United States District Court, Western District of Washington
Mar 2, 2023
No. C22-5707-MLP (W.D. Wash. Mar. 2, 2023)

Opinion

C22-5707-MLP

03-02-2023

ERIC R., Plaintiff, v. COMMISSIONER OF SOCIAL SECURITY, Defendant.


ORDER

MICHELLE L. PETERSON UNITED STATES MAGISTRATE JUDGE

I. INTRODUCTION

Plaintiff seeks review of the denial of his application for Supplemental Security Income and Disability Insurance Benefits. Plaintiff contends the administrative law judge (“ALJ”) erred in discounting his alleged need for an assistive device and to recline during the daytime, and in discounting the opinion of a treating nurse practitioner. (Dkt. # 8 at 1.) As discussed below, the Court REVERSES the Commissioner's final decision and REMANDS the matter for further administrative proceedings under sentence four of 42 U.S.C. § 405(g).

II. BACKGROUND

Plaintiff was born in 1971 and has a master's degree in business administration. AR at 1794-95. At the time of the most recent administrative hearing, Plaintiff was working full-time as an excise tax examiner. Id. at 1798.

In September 2016, Plaintiff applied for benefits, alleging that his disability began on June 6, 2013, and he subsequently requested a closed period of disability that ended on March 15, 2020. AR at 252-62, 2039-40. Plaintiff's applications were denied initially and on reconsideration, and Plaintiff requested a hearing. Id. at 145-48, 153-68. After ALJs conducted hearings in April 2018 and January 2019, an ALJ issued a decision finding Plaintiff not disabled. Id. at 12-34.

The Appeals Council denied Plaintiff's request for review (AR at 1-6), and the U.S. District Court for the Western District of Washington reversed the ALJ's decision and remanded for further administrative proceedings. Id. at 1855-71. On remand, the ALJ held a hearing in May 2022 (id. at 1789-1823), and subsequently issued a decision finding Plaintiff not disabled between September 18, 2015, and March 15, 2020. Id. at 1761-79.

Although Plaintiff alleged his disability began on June 6, 2013, prior administratively final decisions found Plaintiff not disabled through September 17, 2015. See AR at 1761. Thus, the adjudicated period addressed by the ALJ runs from September 18, 2015, through March 15, 2020. Id.

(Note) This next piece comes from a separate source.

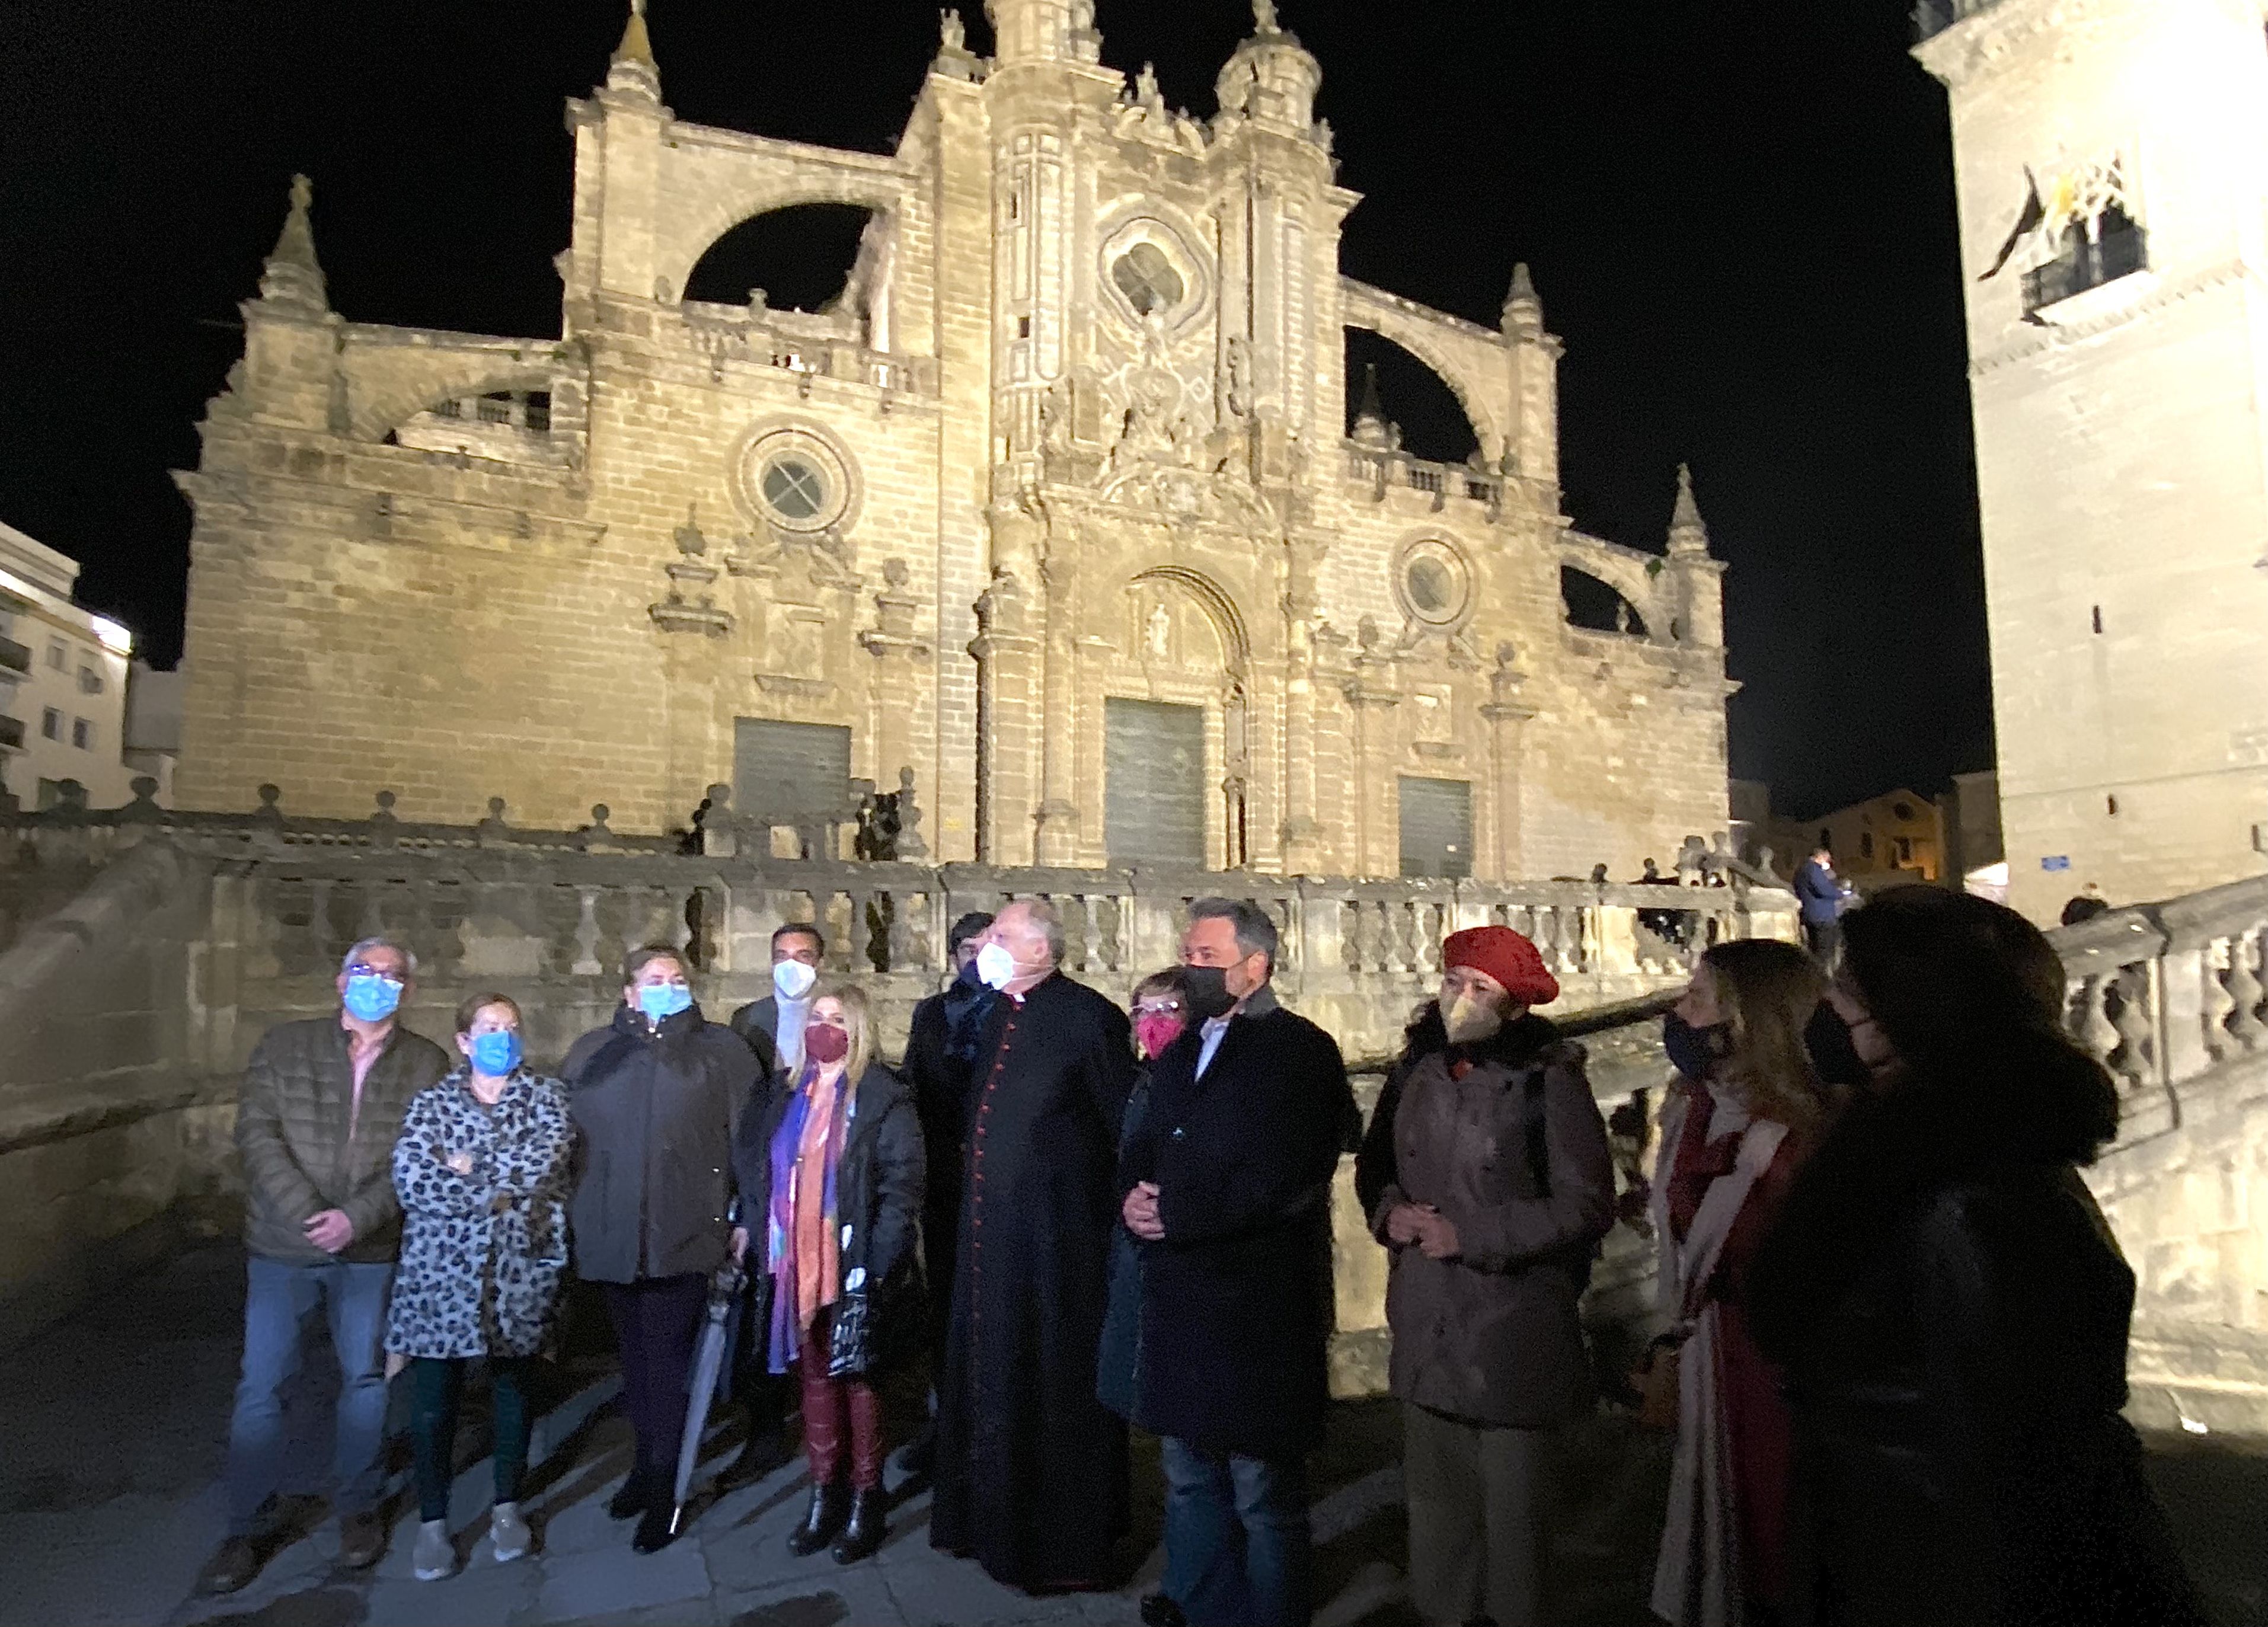 Bertemati y la Catedral estrenan iluminación singular. La alcaldesa, delegados y el canónigo Diego Moreno posando tras el encendido.

As the Appeals Council declined to assume jurisdiction of the case, the ALJ's decision is the Commissioner's final decision, which Plaintiff appealed to this Court. (Dkt. # 1.)

III. LEGAL STANDARDS

Under 42 U.S.C. § 405(g), this Court may set aside the Commissioner's denial of social security benefits when the ALJ's findings are based on legal error or not supported by substantial evidence in the record as a whole. Bayliss v. Barnhart, 427 F.3d 1211, 1214 (9th Cir. 2005). As a general principle, an ALJ's error may be deemed harmless where it is “inconsequential to the ultimate nondisability determination.” Molina v. Astrue, 674 F.3d 1104, 1115 (9th Cir. 2012) (cited sources omitted). The Court looks to “the record as a whole to determine whether the error alters the outcome of the case.” Id.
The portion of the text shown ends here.